Oturduğumuz yerde elimiz ister istemez “fazlalık” bulduğumuz ya da sarkmasından şikayet edip sıkılaşmasını istediğimiz bir yere gider… Bu, tıpkı bizi rahatsız eden bir sivilce gibidir. Belki küçüktür ama her aynaya bakışımızda burnumuzdan bile daha büyük olduğunu düşünürüz minik kızarık sivilcenin…
Fazlalık bellediğimiz yer göbeğimiz de olabilir, basenimiz de… Sarktığını düşündüğümüz yerimiz kolumuz da olabilir, bacağımız da… Öğlenleri yemek arasında birkaç metre yürümeyi spor belleriz. Ama ağaçtan ağaca atlayan, mağaralarda ateş yakıp getirdiği avı pişiren atalarımızın tembel torunları olarak “hareketsiz” yaşamımız bizim doğamıza ve genetik yapımıza aykırıdır. İşte bu nedenle kapitalist dünyada zaten az olan tatillerde aksiyon dolu bir programı da tercih etmemenin verdiği vicdan azabıyla spor salonlarını doldururuz.

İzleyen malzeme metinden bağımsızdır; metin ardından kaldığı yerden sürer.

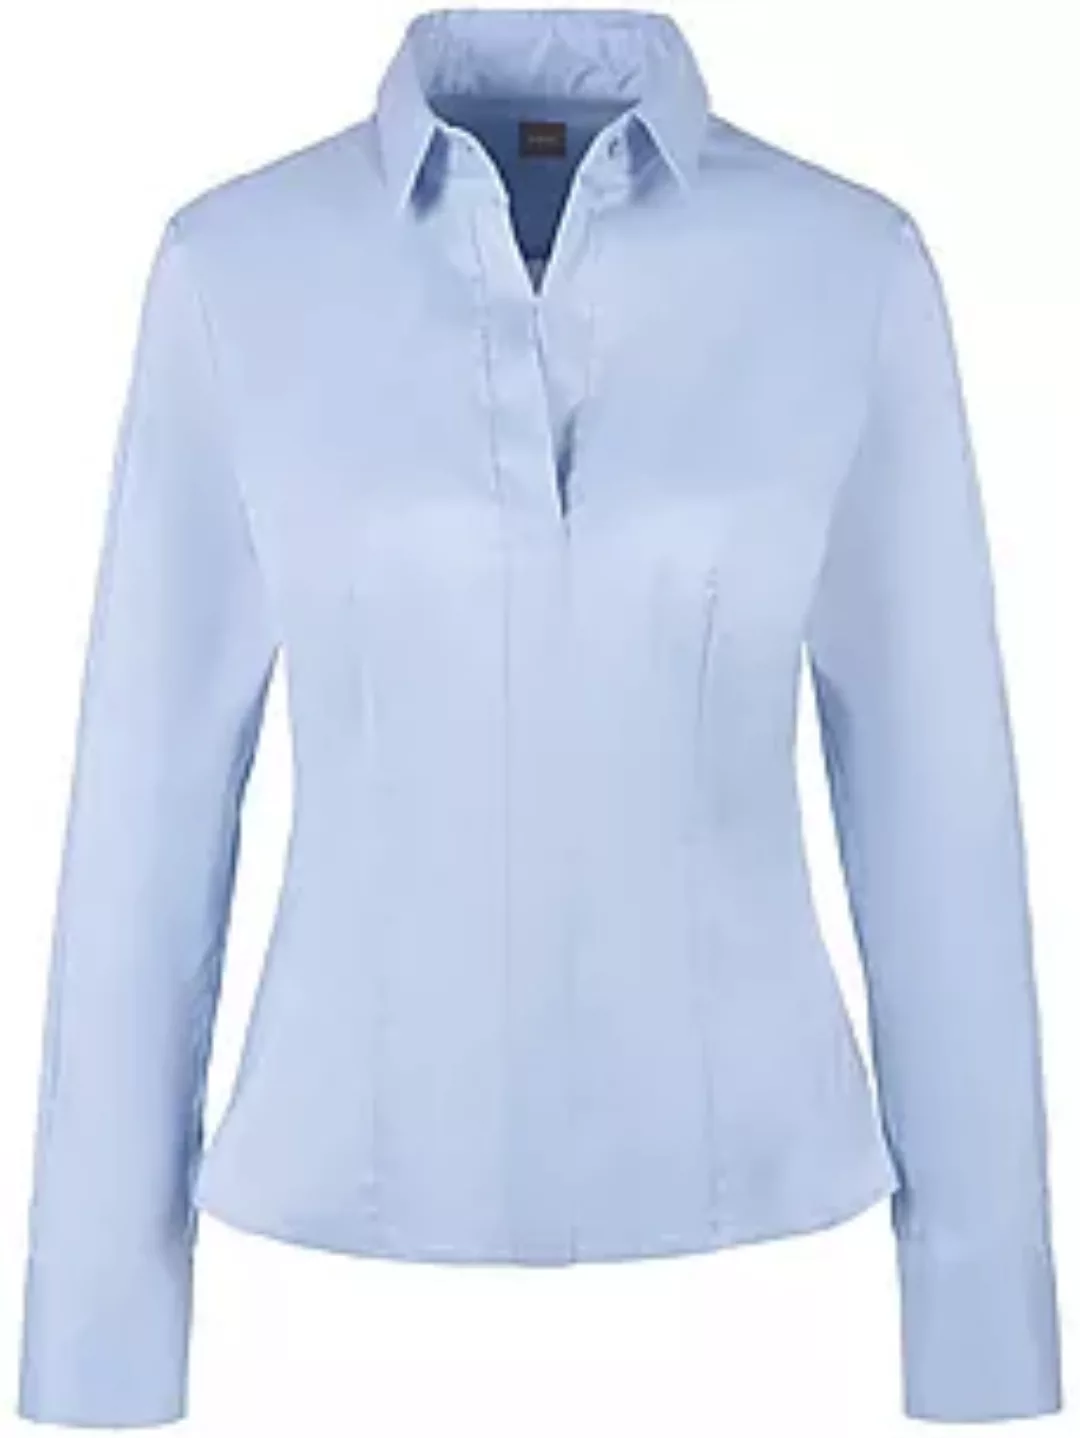 Bluse Bashinah BOSS blau günstig online kaufen

Yapay ortamda koşarız, ağırlık kaldırırız, esneriz… Bir de farklı derslere gireriz. Hele ki hamlaşmış vücut ile o derslerin acı tadına doyum olmaz! Ders sonrası bacaklarımız öyle ağrır ki, ne merdivenlerden inip çıkarız, ne de bir koltuğa yavaşça oturmaya tahammülümüz kalır… Ders başındaki derli toplu halimizin yerini, ders sonunda dağılmış saçlar, çıkarılmış spor ayakkabıları, terden sırılsıklam bir vücut ve yüz alır.

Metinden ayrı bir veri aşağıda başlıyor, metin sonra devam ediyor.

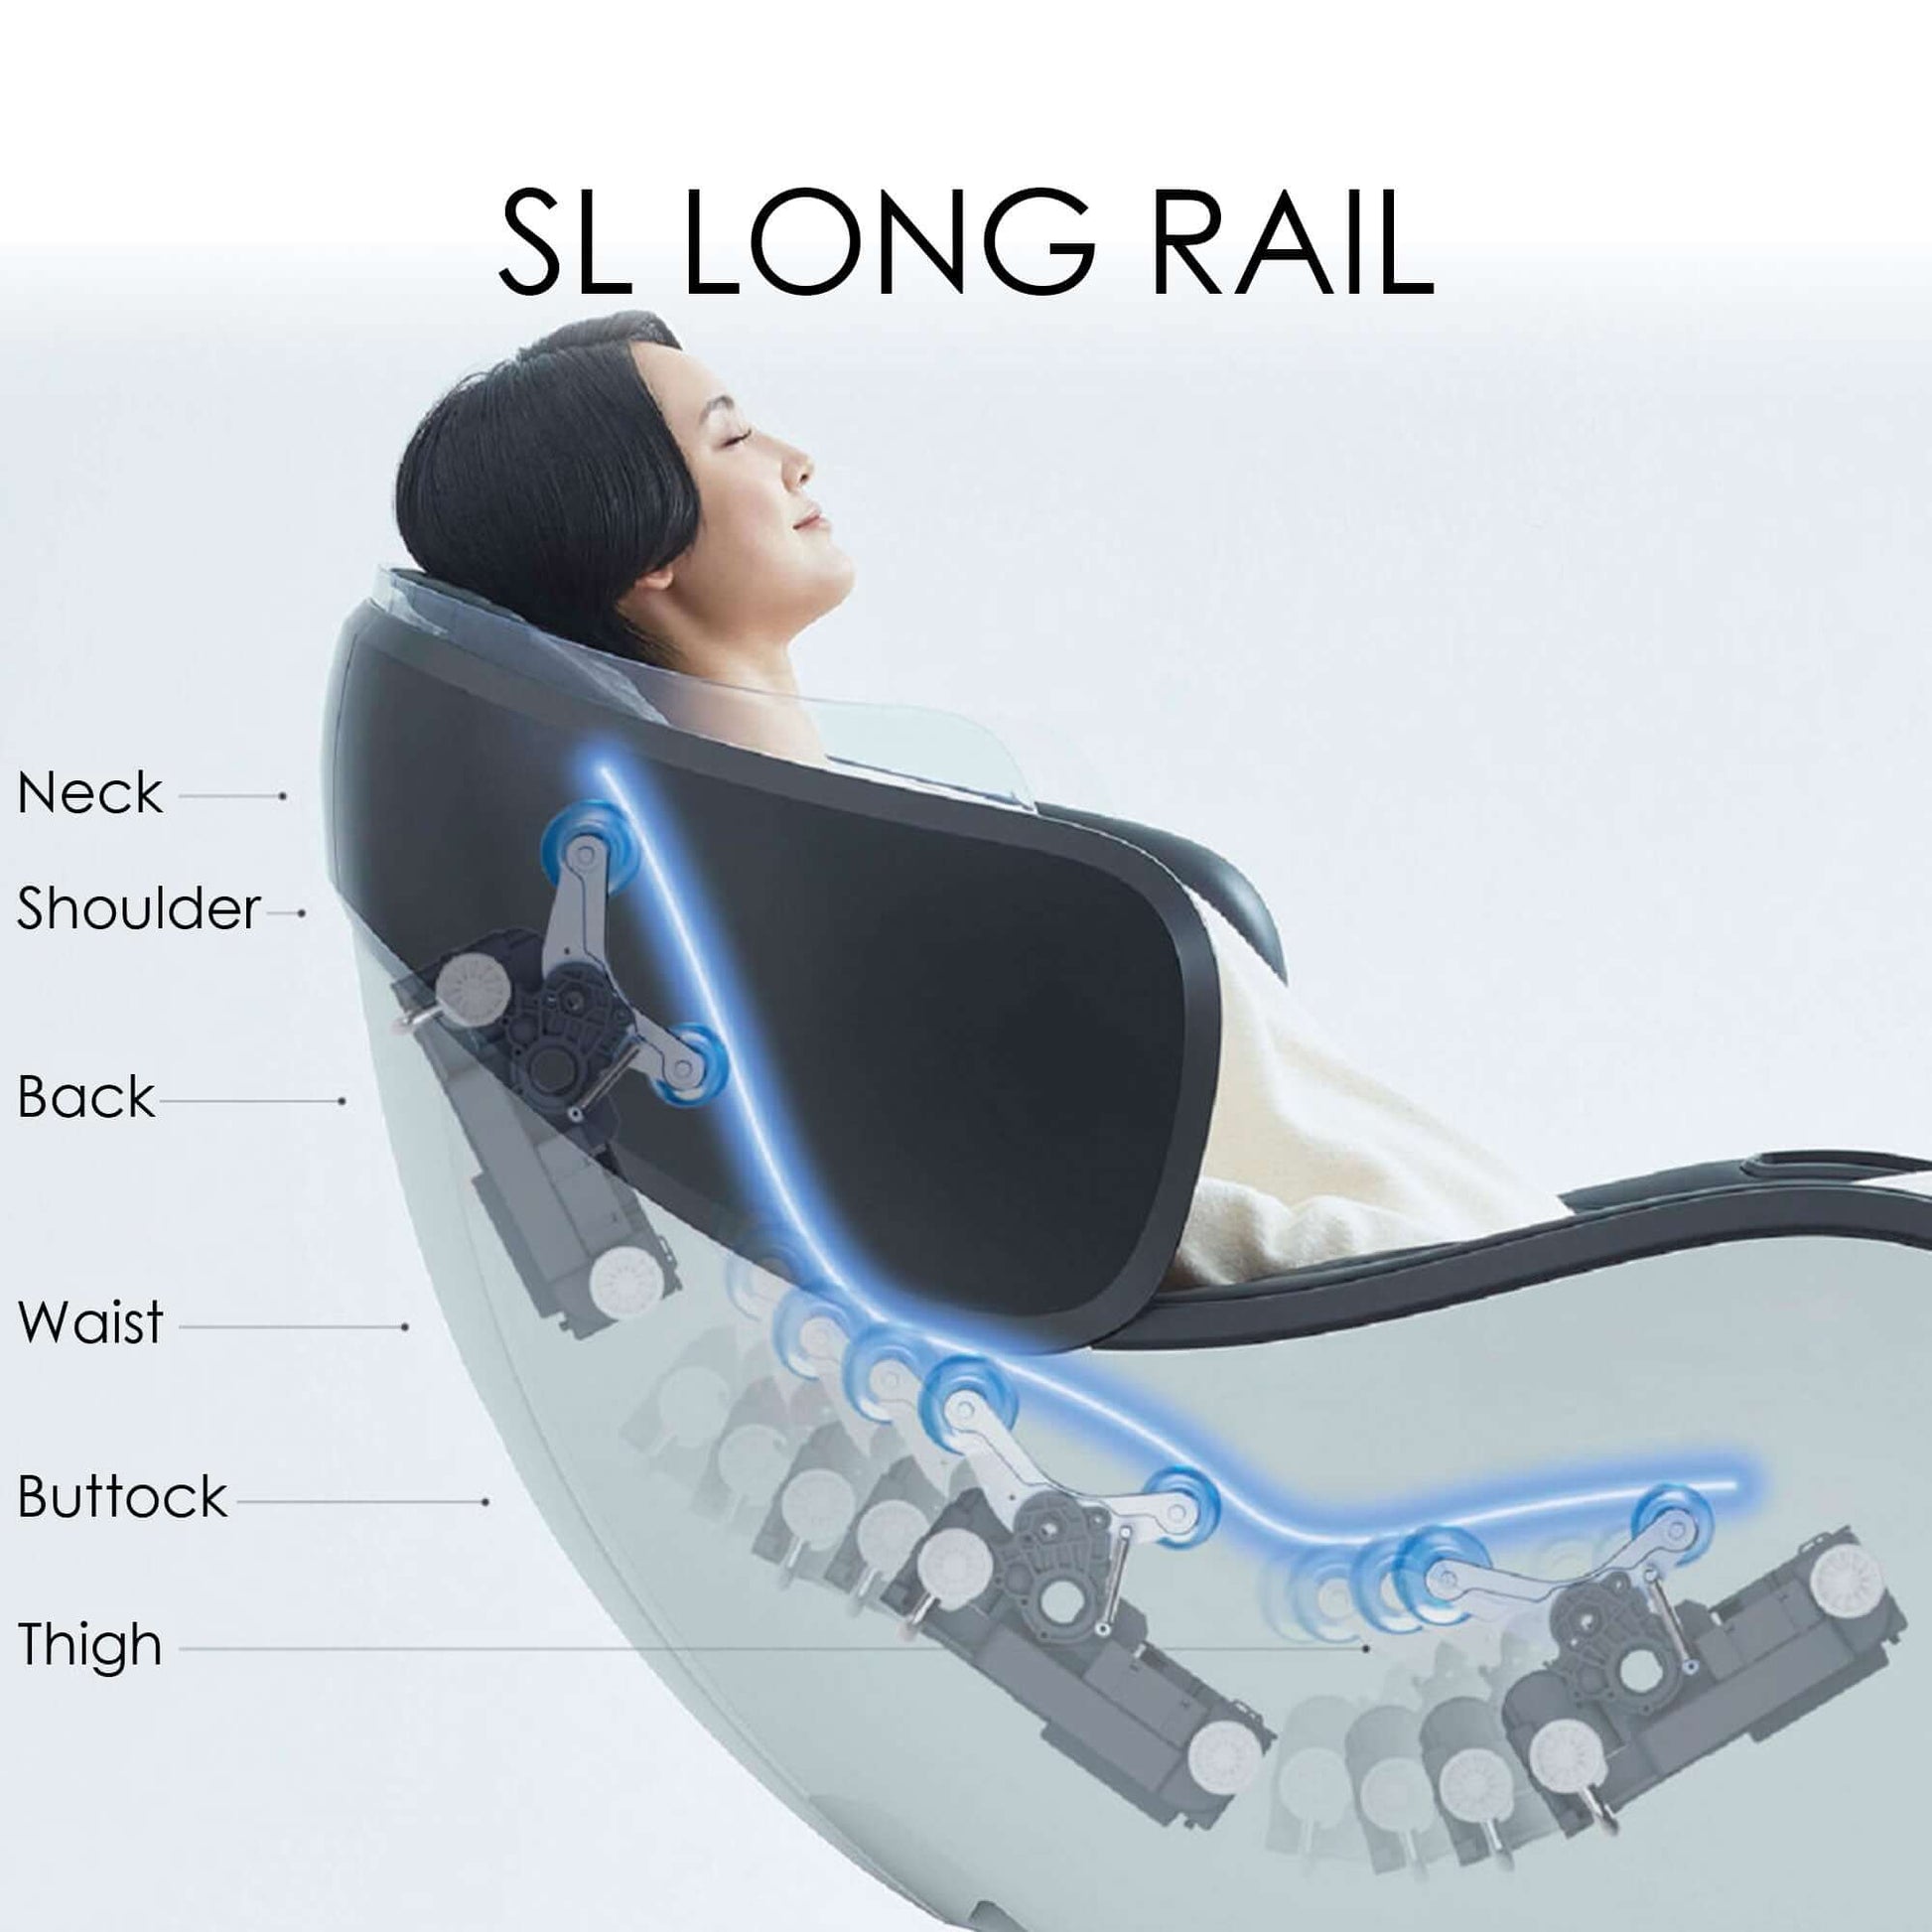 Synca Wellness CirC 3 Zero Gravity SL Track Heated Massage Chair - Electric Massaging Chairs

İşte o anlarınızda “beyaz atlı prens” bellediğiniz adam sizi beğenirse, gerçekten size aşıktır ve kaçırmayın onu derim!
Bir de spor salonu adabı denen bir şey vardır. Mesela bazı hatunlar saçlarını topuz yaparak, değme gelin başlarını kıskandırırlar. Onlar, kendilerini “kokoş ve derli toplu” buladursunlar, aslında bu model bazı “sporsevenler” için kabustur. Mesela cycling (bisiklet) dersinde böyle bir hatun önünüze oturursa, saçından antrenörünüzü göremezsiniz. Millet ayağa kalkar, siz komutu göremediğinizden oturur kalırsınız. Diyeceğim o ki, kimsenin özgürlüklerini “kokoş” olacağım diye kısıtlamayın ve basit bir atkuyruğu modelle idare edip sporunuzu yapın.
Birkaç sene önce spor salonuna giderken bol bir eşofman altı giyerdim ama artık neredeyse tayt giymeyeni salona almayacaklar. Ben de bu akıma kapıldım ve “taytsız çıkmam” diyerek derslere katılıyorum. Fakat bir sorun da taytla beraber geliyor. Spor salonunun dolaplarına takılan kilidiniz eğer şifreli değil de, anahtarlıysa, o anahtarı ne yapacaksınız? Taytınızdan içeri mi atacaksınız, yoksa yaşlı teyzeler gibi koynunuzda bir yere mi koyacaksınız? Tabii ki hiçbiri… Pratik çözüm ister misiniz? Spor ayakkabınızın bağcığı en güzel yer. Sadece yedek anahtarlı olarak bağcığa koyduğunuzda, siz yürüdükçe gelen “şıngır şıngır” sesler kendinizi koyun gibi hissetmenize ve çıkardığınız sinir bozucu seslerle dönen bakışlara zoraki gülümseyerek karşılık vermenize neden olur.
Bir de ilk kez girdiği bir derste, antrenör gelmeden önce çevresini inceleyen tipler vardır. Dersle ilgili bilgisiz görünmek istemedikleri için çevrelerindeki insanlar hangi aletleri aldıysa bilirmiş gibi alıp yanlarına koyarlar. Bu kişiler step dersine girerken, pilates topu alan birini gördü diye yanına pilates topu alma kapasitesine sahiptir. Arkasına dönüp baktığında tüm sınıfın sadece step için hazırlık yaptığını, tek koca topu kendinin aldığını gören kişi o topun üstüne mi otursun, topu kafasında mı taşısın bilemez. İşte buradan alacağı ders, “bilmemek ayıp değil, öğrenmemek ayıp” ya da “tek bildiğim hiçbir şey bilmediğim” gibi sözler olabilir. Spor salonunun bir de böyle felsefik bir yanı vardır.
Ve biz ağaçtan ağaca atlayan, hızlı koşan hayvanı yakalayıp “akşamın rızkı” diyen atalarımızı spor salonunda iki eğilip bir bükülüp, arada bir de saçlarımızı topuz yaparak yad ederiz!